Ах ты, квокушка путешественница, протянул я руку. Птица не испугалась, дала прикоснуться к себе. Как же ты сюда попала? Как уцелела, как догадалась, вроде бы самая глупая птица на свете, схорониться в дупле?... Я взял ее в руки, она лишь будто всхлипнула, квокнула тихо и тревожно, завертела худой шеей. Цыплята с писком попрыгали на землю, и курица позвала их, как зовут куры цыплят где-нибудь на сельском дворе, где самый дикий зверь – домашняя кошка, где нет ни лис, ни хорьков, ни куниц.

Пичуги побежали за нами, как собачонки. Я рассмеялся. Ничего себе, глупые птицы... Так мы и шли до самой оранжереи...

– Посмотри, какие чудеса! Живые куры в диком лесу. Одни столько дней... Пусть побудут у тебя. Завтра я покрою цементом землю вокруг вольера, чтобы лиса не могла к ним подобраться.
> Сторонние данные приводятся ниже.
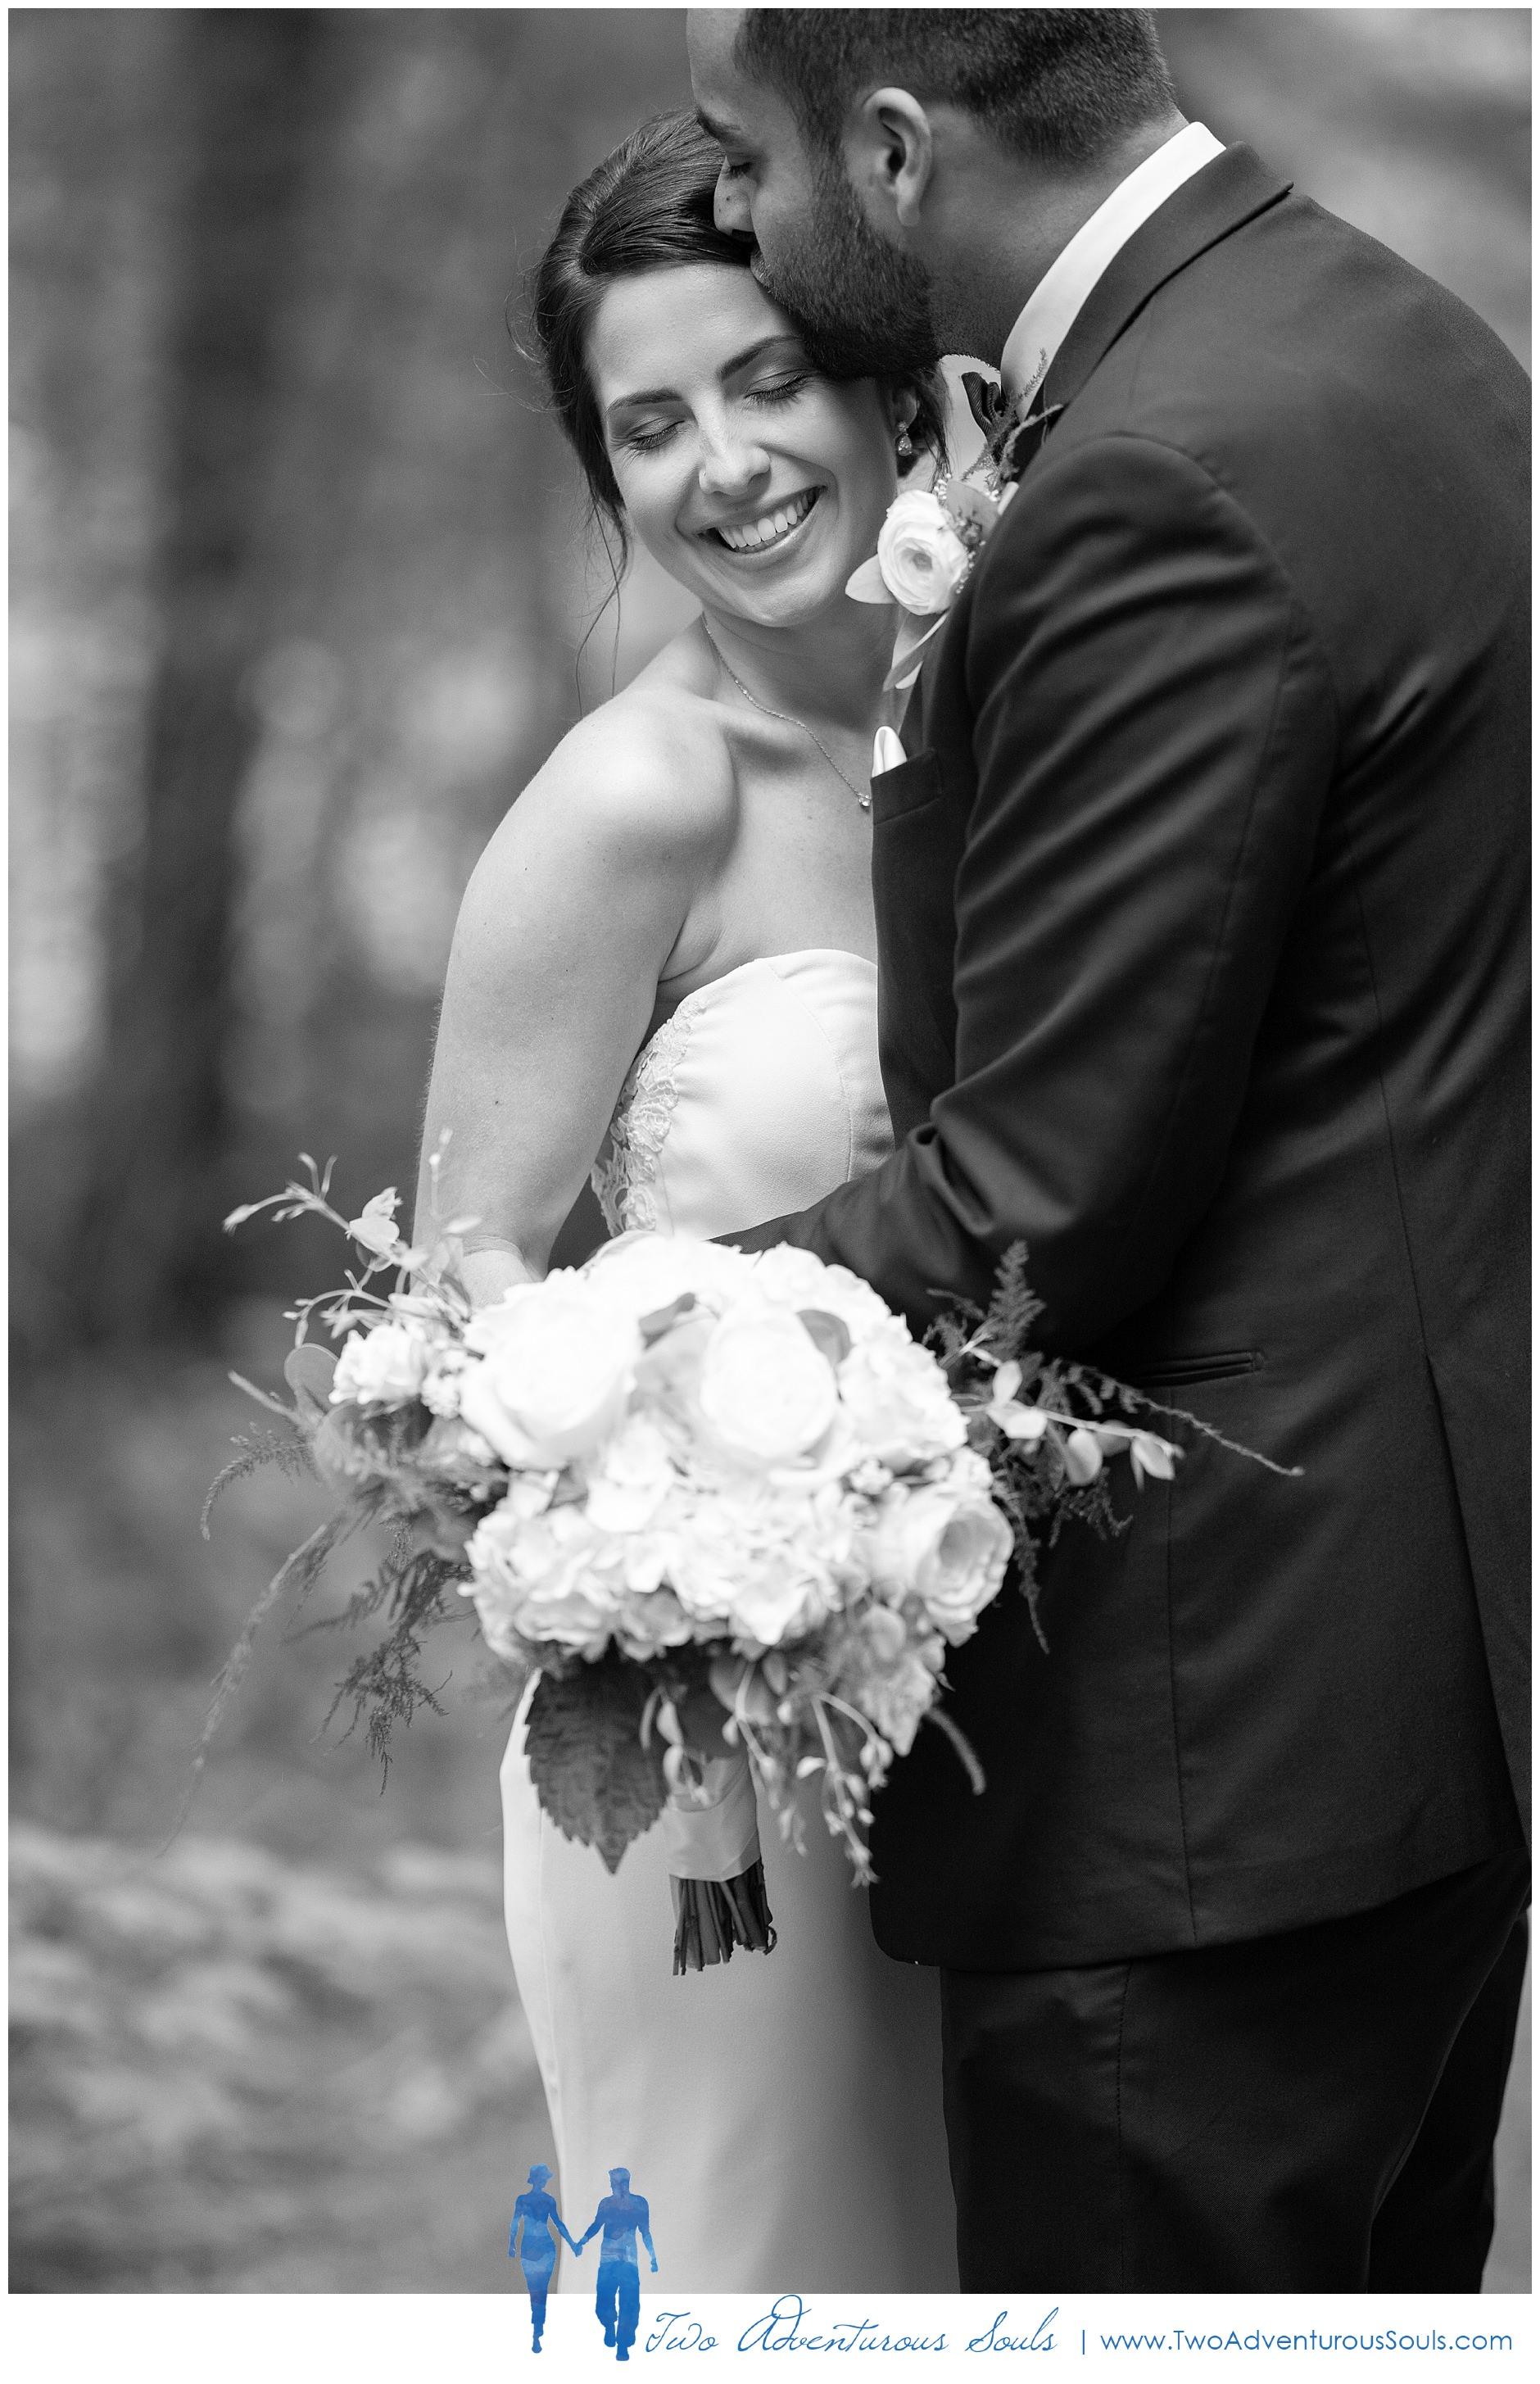 Sugarloaf Outdoor Center Wedding Photographers, Destination Wedding Photographers, Two Adventurous Souls-081719_0050.jpg

– Бедняжки, – сказала женщина. – Бедняжки вы мои голодные.

* * *

Как надо вставлять рамы в стену? Сначала сделать проем, а потом укреплять ее? Но в мою кладку рама не войдет, уверен. Я не постиг такую точность. Буду ставить их, обкладывать кирпичом. Правда, к ним я подойду еще не скоро. Недели через две.

* * *

Блаженство сидеть в нашем лесном кафе после двух ведер воды, опрокинутой на себя, до хруста вытянуть гудящие ноги. Над поляной вечер, еще не вечер, но уже не день. В окно виден мой дом, выступ на зеленом лугу, возникший, будто сам по себе, из ничего. Смотреть на него приятно, хотя на доме не обозначилась даже линия подоконников, но дверные блоки я поставил на свои места краном. И они выглядят как двери в пустоту. Двери сами по себе, на лугу, в никуда.

Чтобы не вызвать ее улыбку моим любованием, отвожу взгляд от окна и внимательно смотрю на девочек, журнальных девушек, наклеенных на стену вагончика прежними обитателями.
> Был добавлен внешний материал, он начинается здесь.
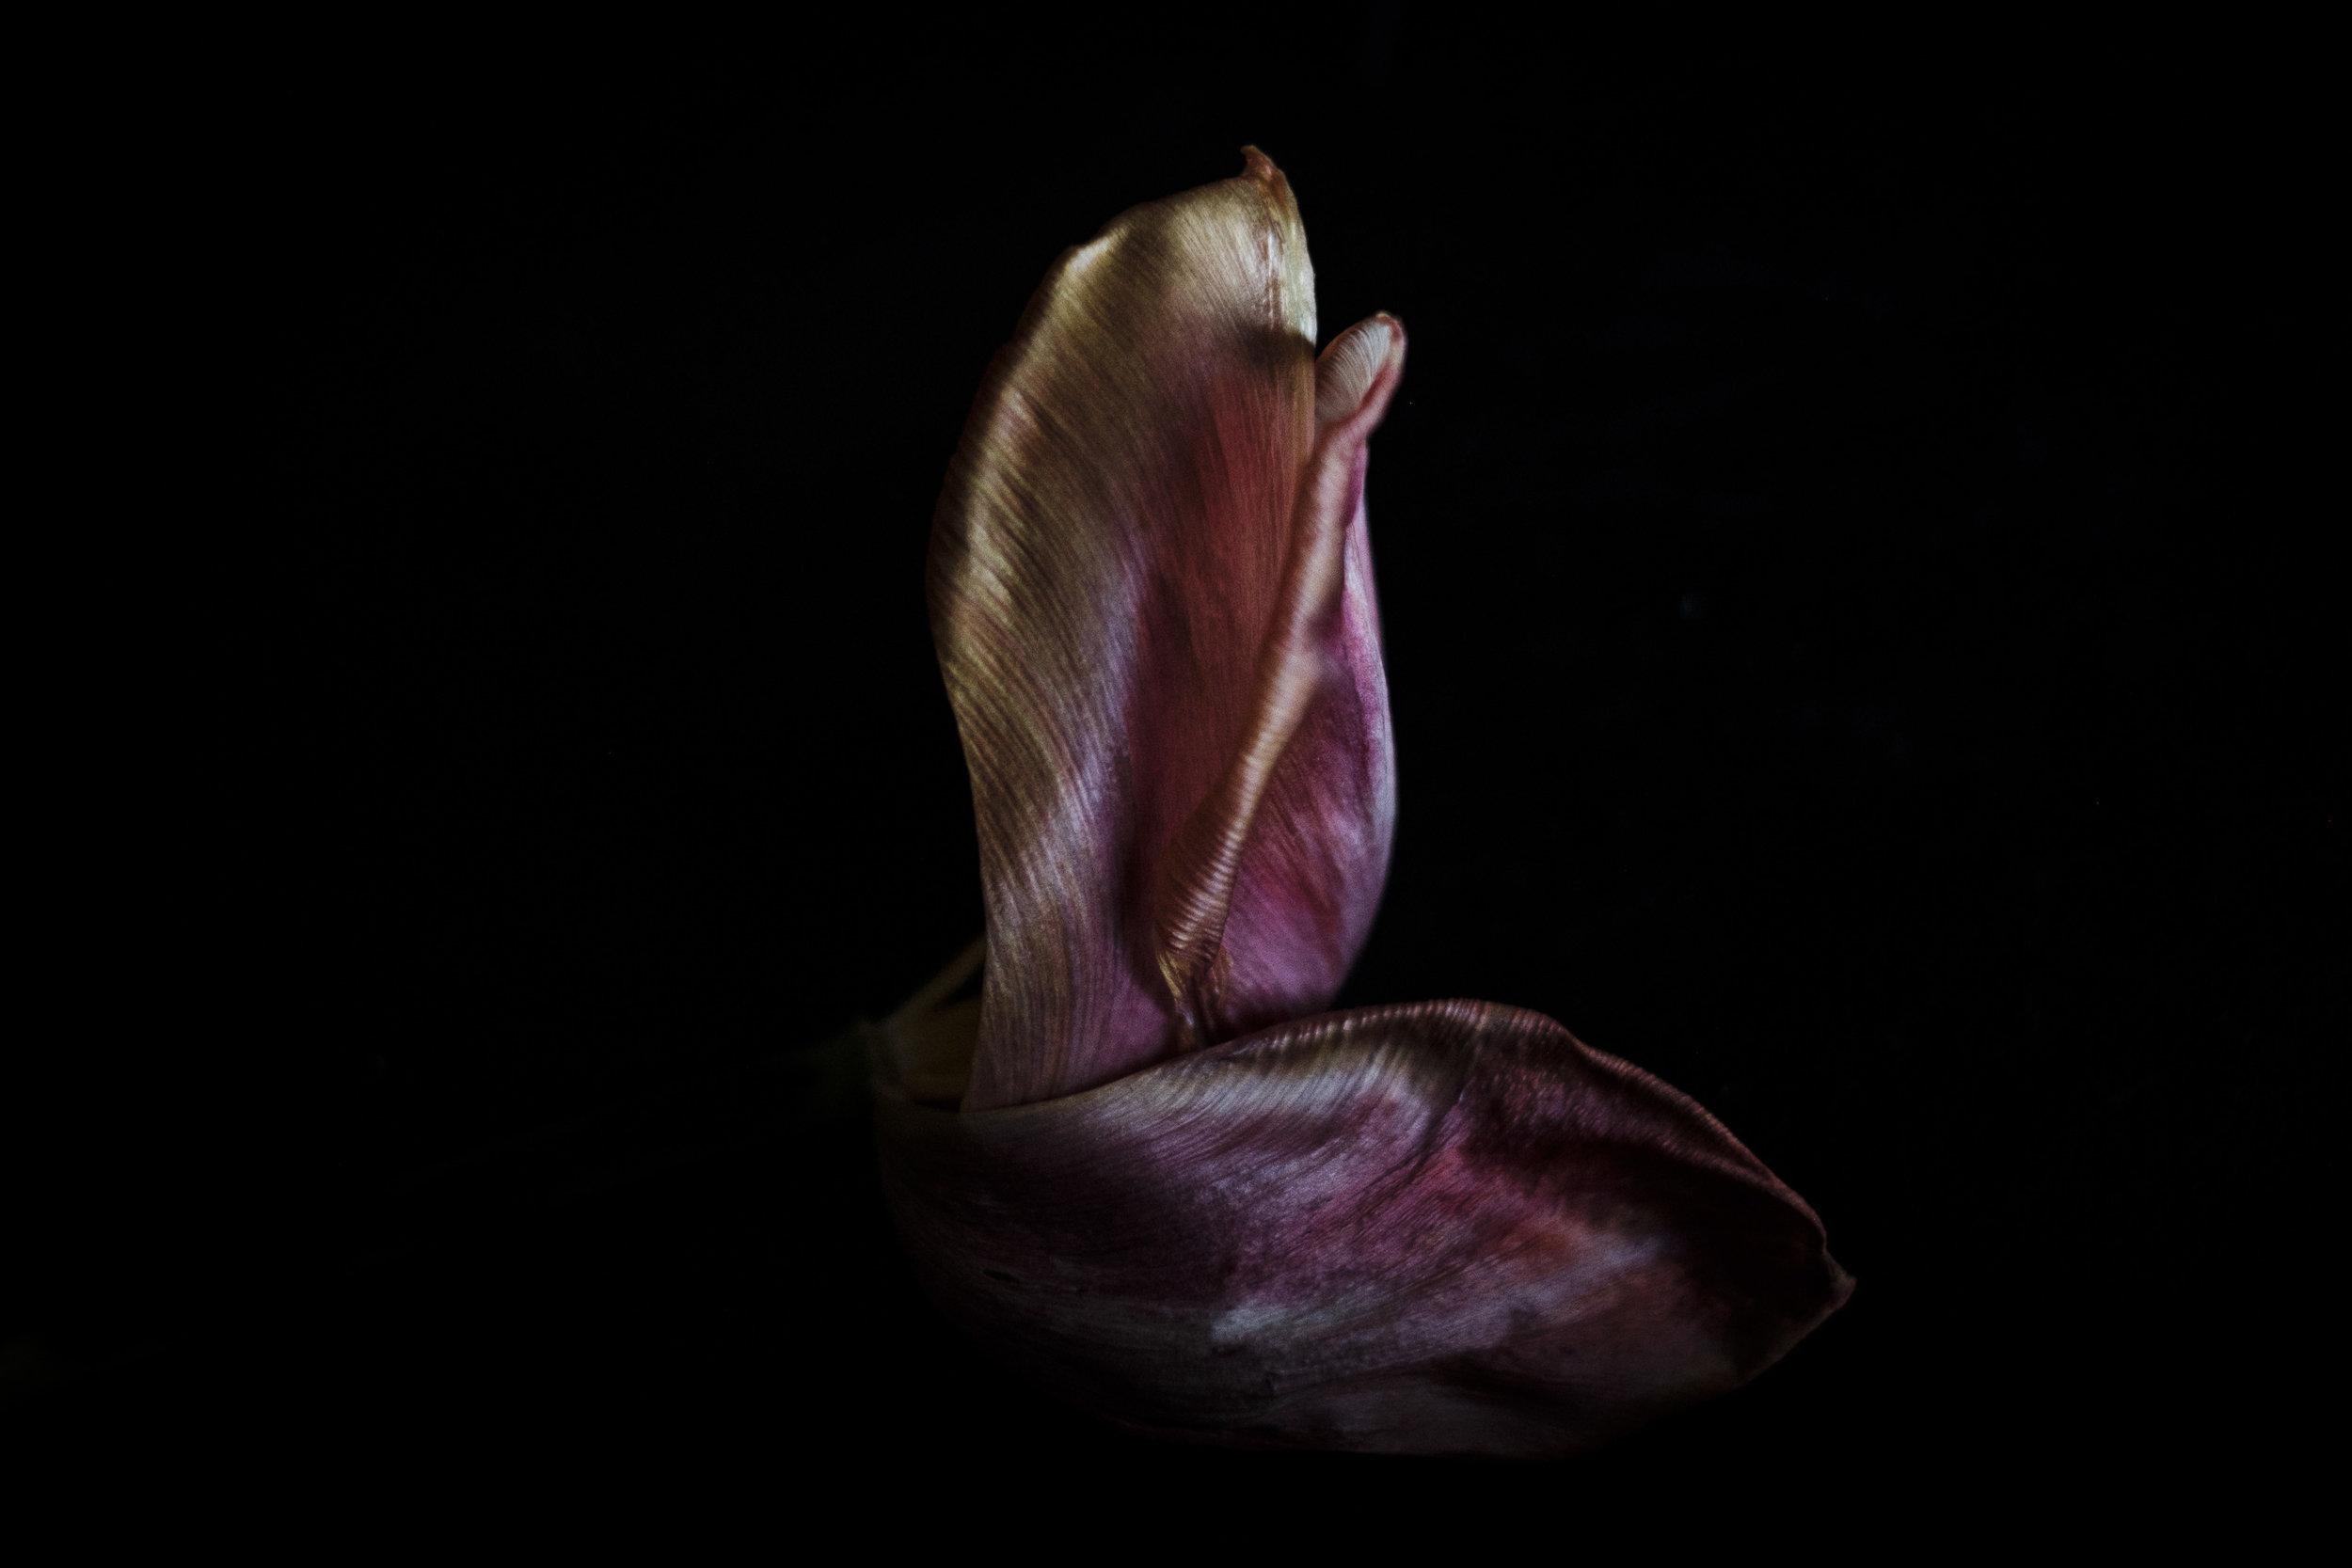 Richard-Stow-Flowers-0455.jpg

– Нравятся? – говорит она.

– Полная душевная обнаженность, ясность, как на ладони.

– Это плохо?

– Наверное, не так уж плохо, пока не дорастешь, пока сам не увидишь, как все простенько и спокойно.

– И девочек будешь ругать?

– Разве я похож на ругателя?

– Иногда на ворчуна.

– Я так непонятен?

– Почему непонятен. Взрослый человек и только... Люди разные. Один видит все через флёр, голубую дымку, а для другого сама жизнь четкая, простая, как фотография. На вид, на ощупь. И один другого не поймет.

– А разве это все не меняется в одном человеке, с годами?

– Флер, если он был, уйти не может. Он, как нежность, навсегда.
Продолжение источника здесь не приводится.